### Listed records

● ● ●

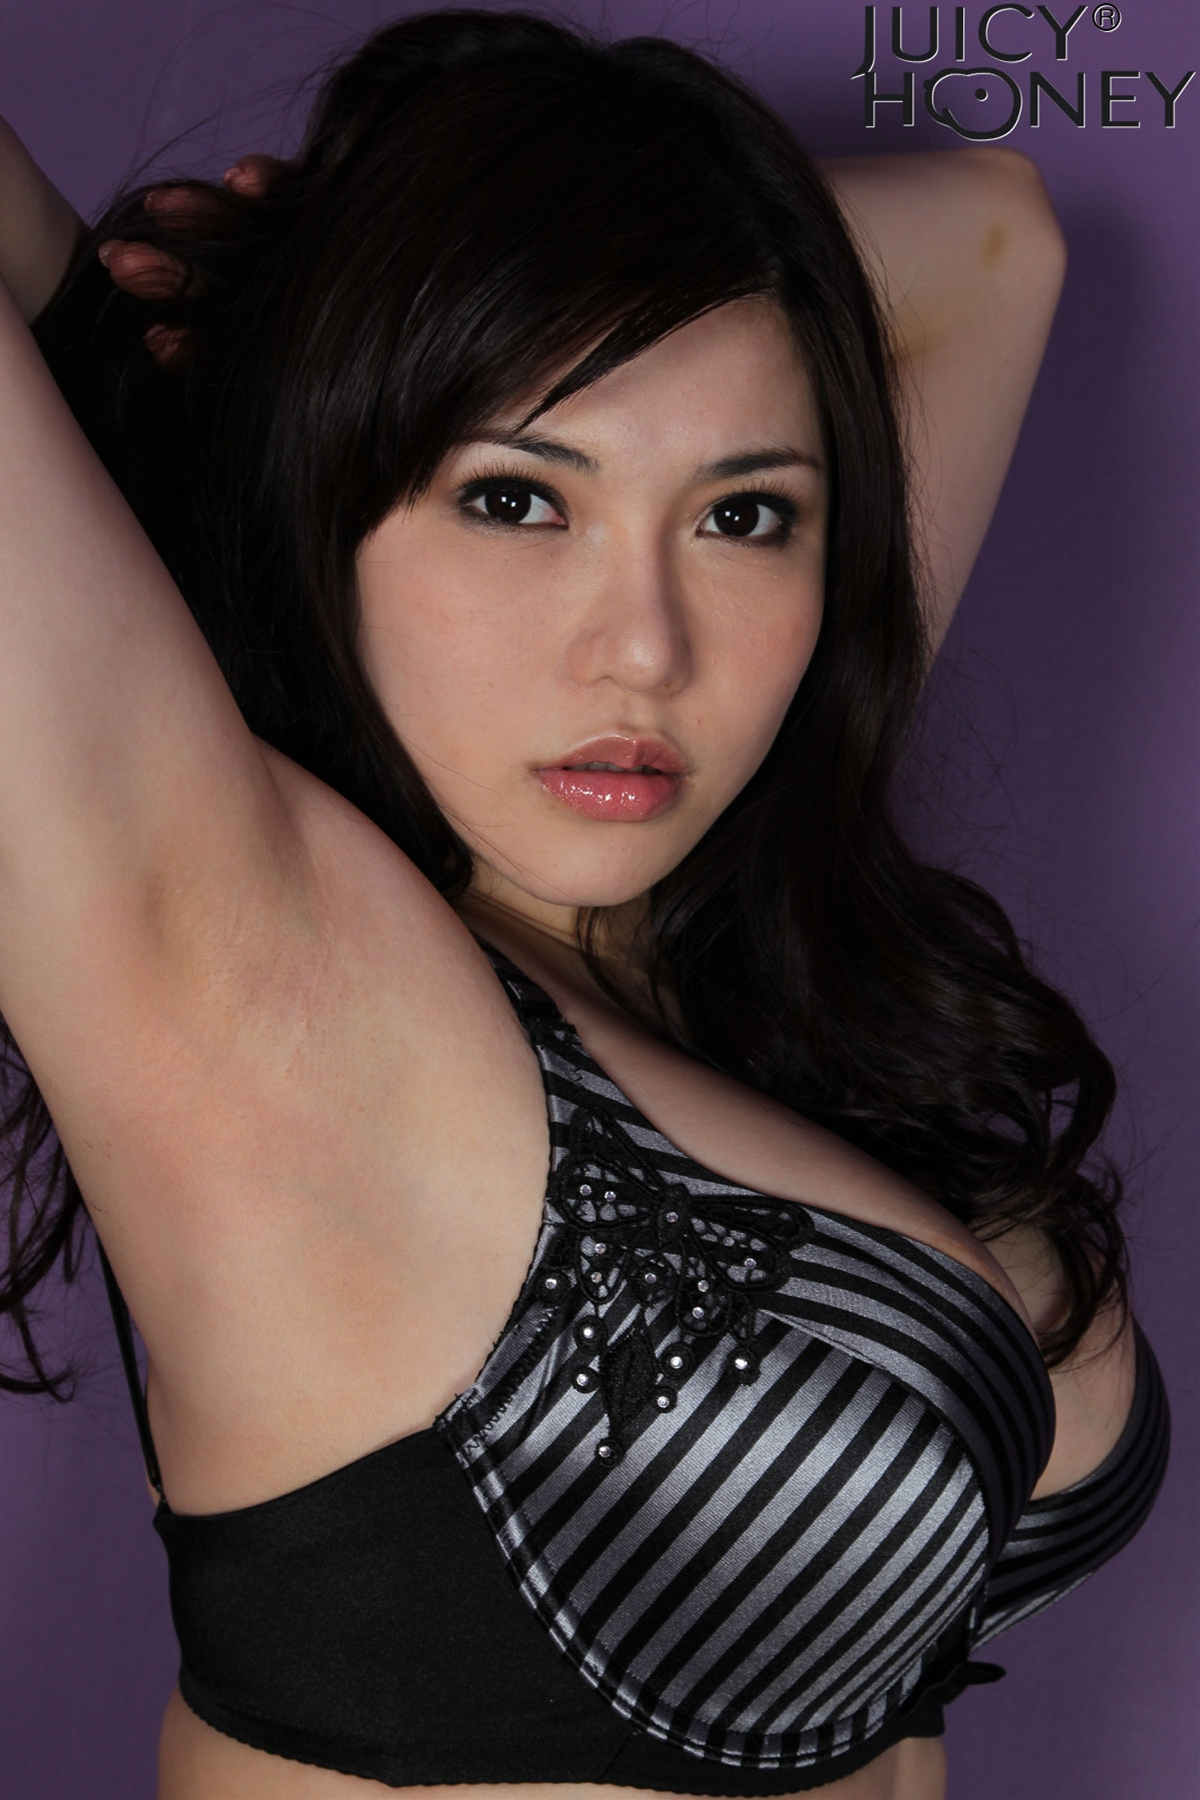 anri-okita-00863441
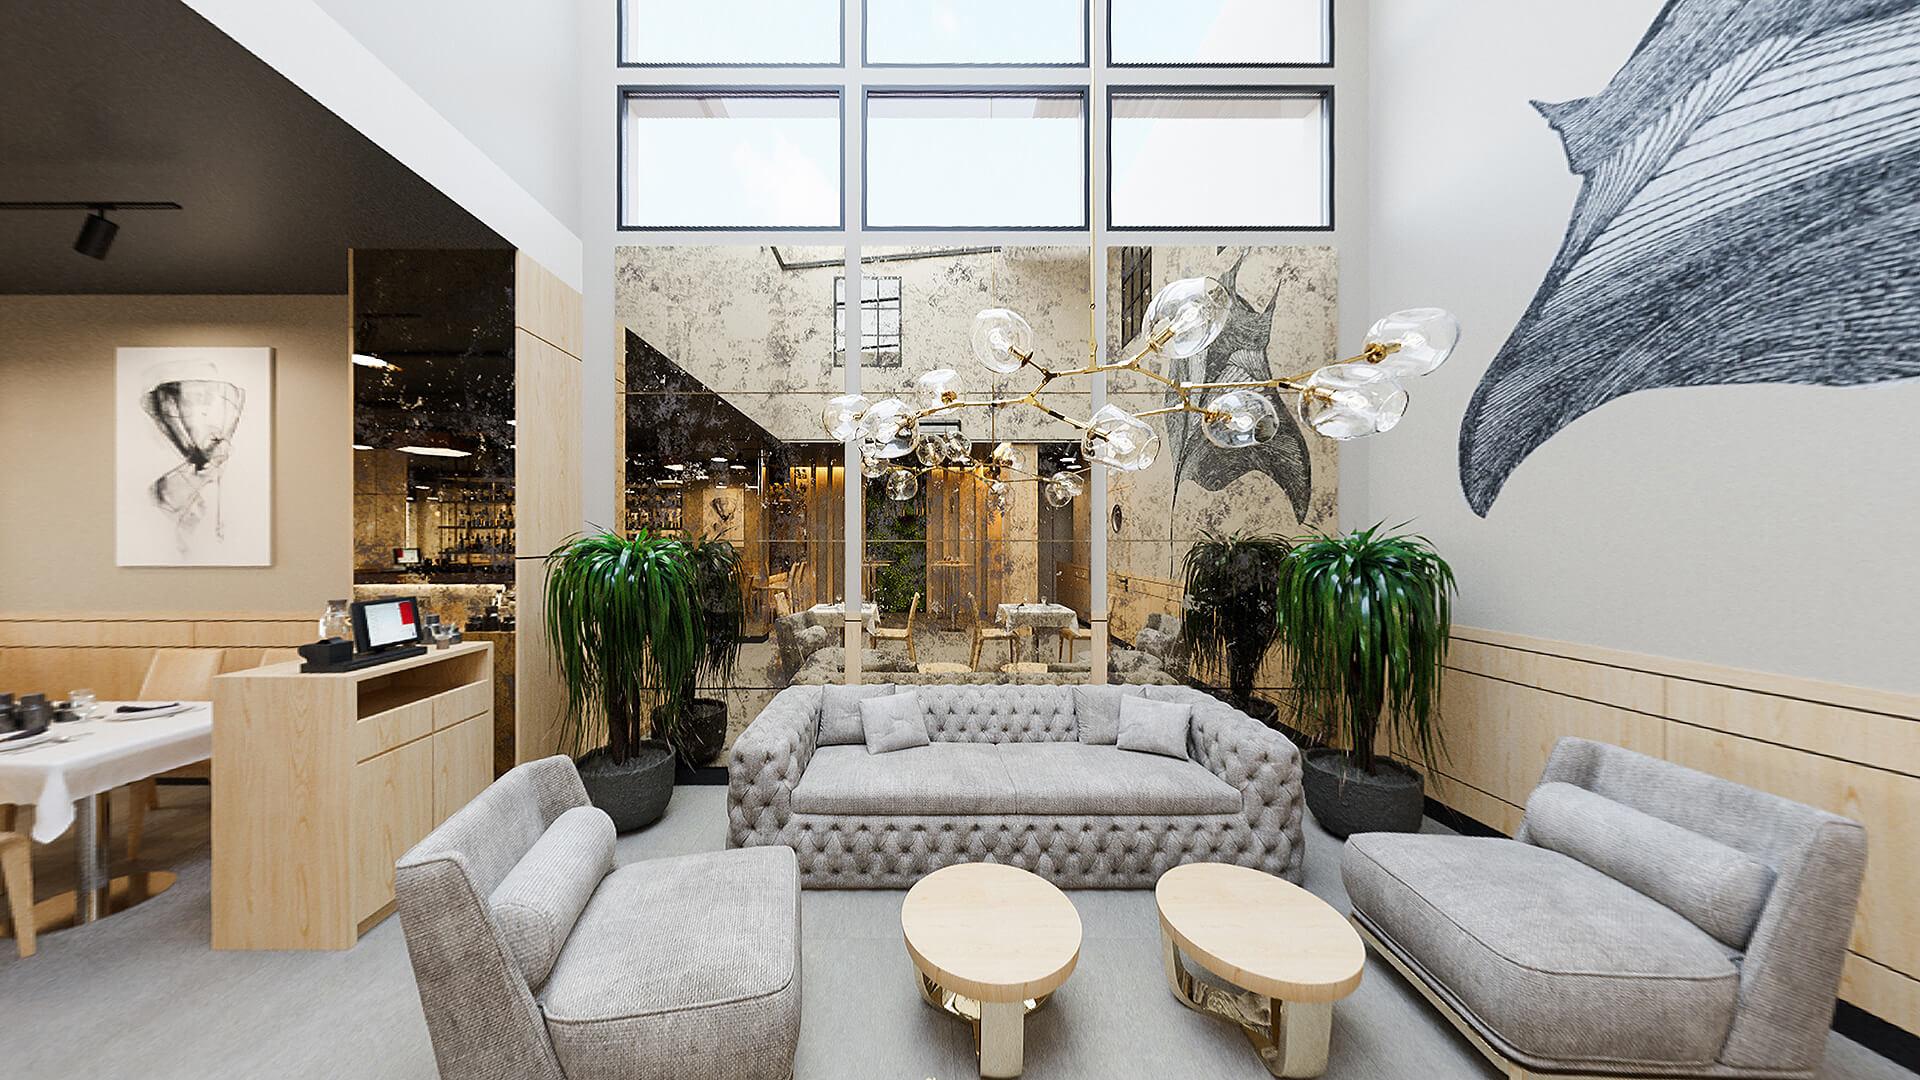 moya-restaurant-interior-design-2.jpg
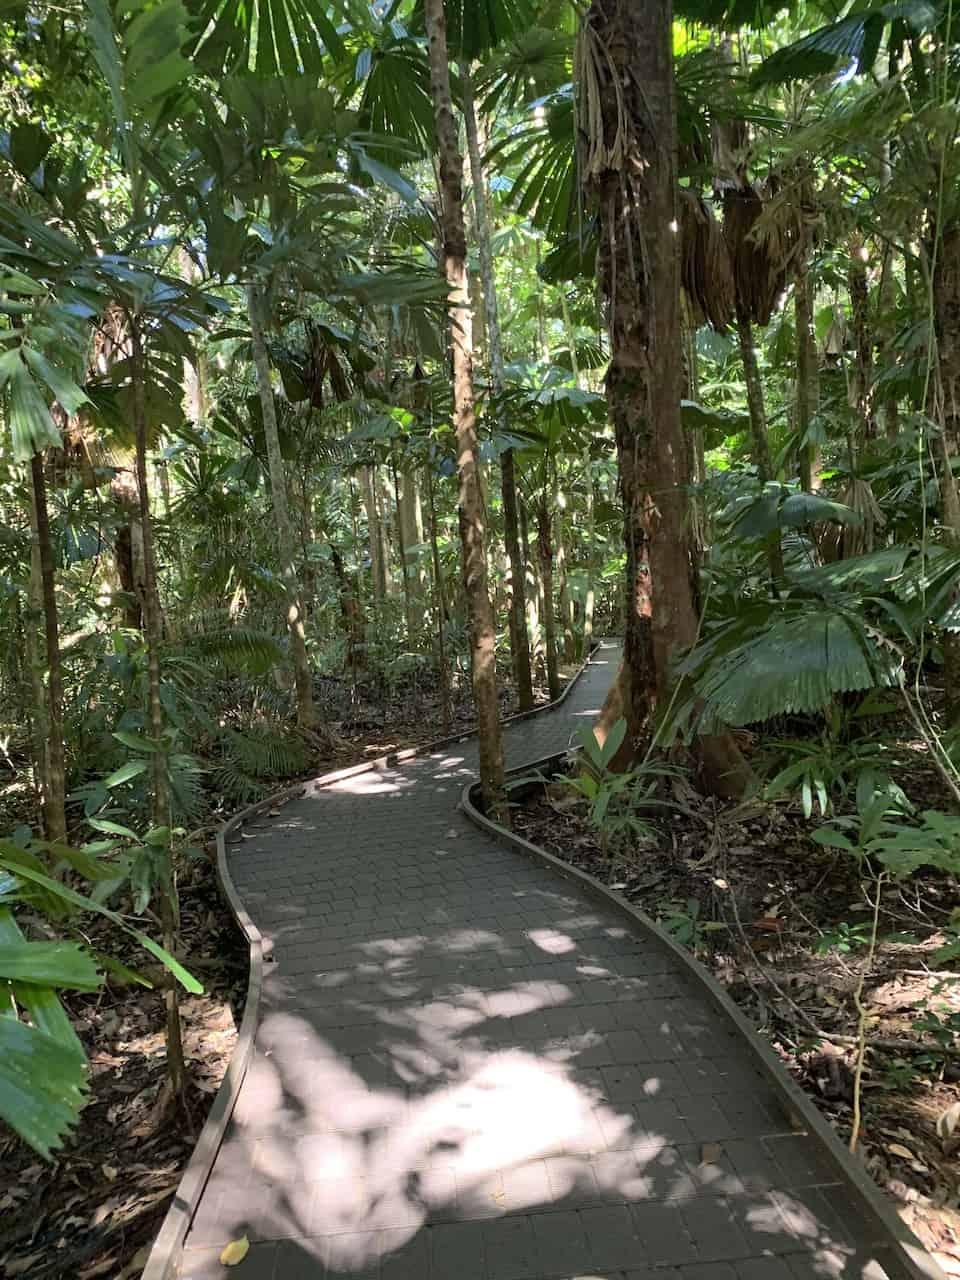 Daintree Rainforest Trees
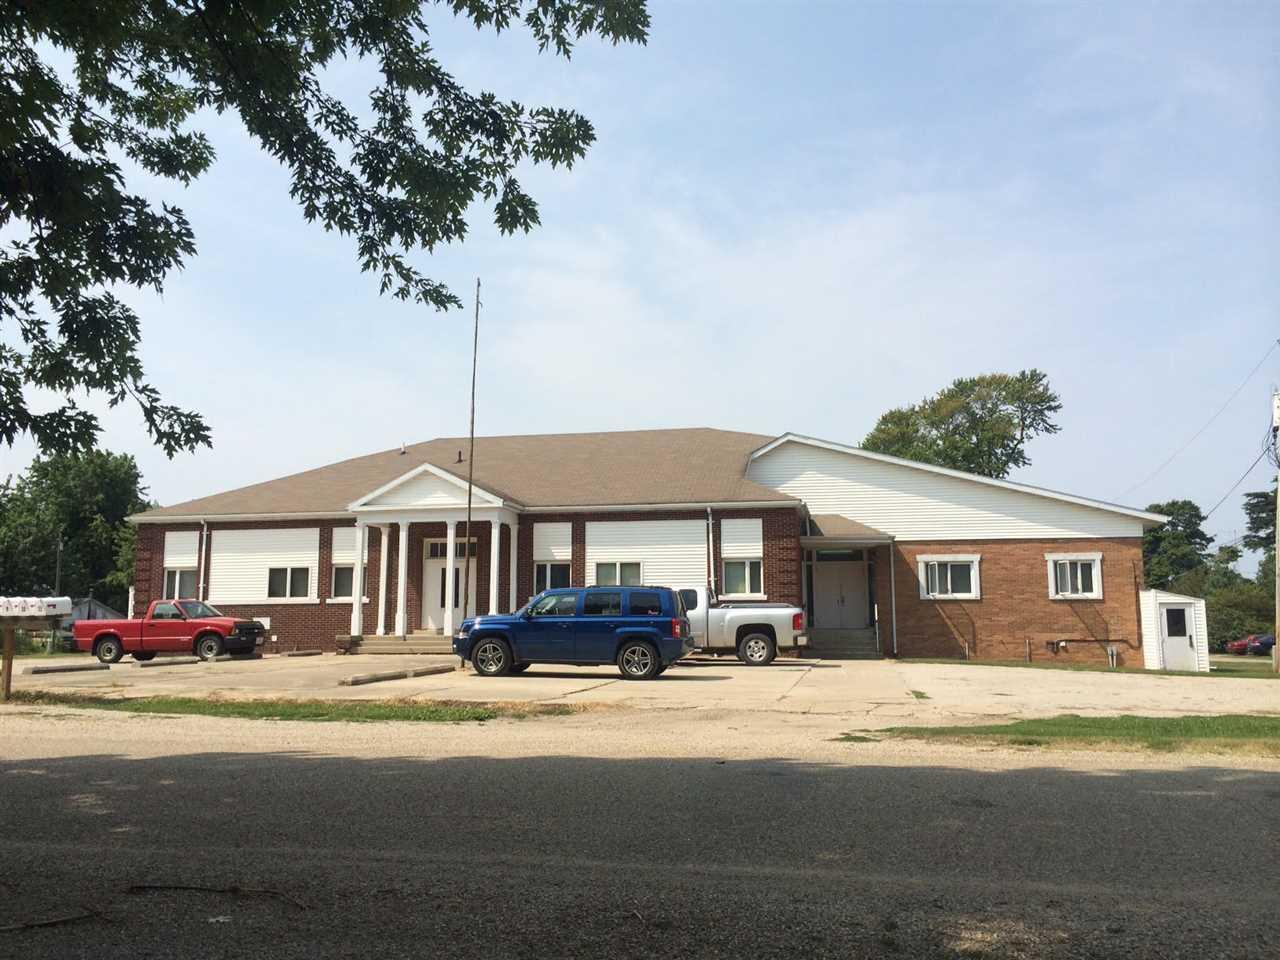 Real Estate for Sale, ListingId: 35128502, Hartsburg,IL62643
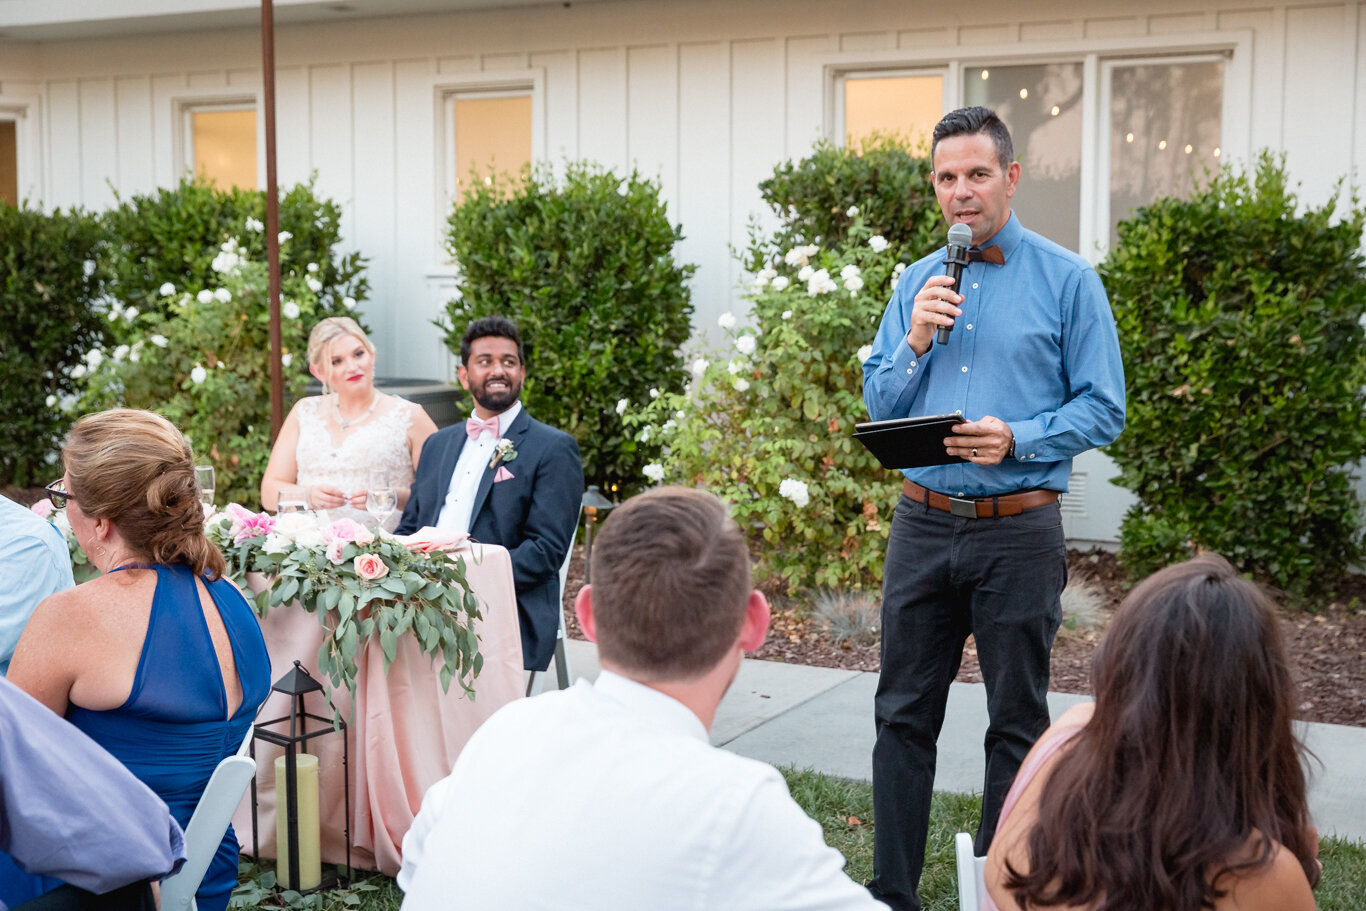 2019.08.24_Emily-Ashir-Wedding-at-the-Maples-6311.jpg

● ● ●

### What this task involves
Verbatim output, no pictures: the line holding "Daintree Rainforest Trees" and all lines after it through the last line of the material, with nothing else.

### Result of the exercise
 Daintree Rainforest Trees
 Real Estate for Sale, ListingId: 35128502, Hartsburg,IL62643
 2019.08.24_Emily-Ashir-Wedding-at-the-Maples-6311.jpg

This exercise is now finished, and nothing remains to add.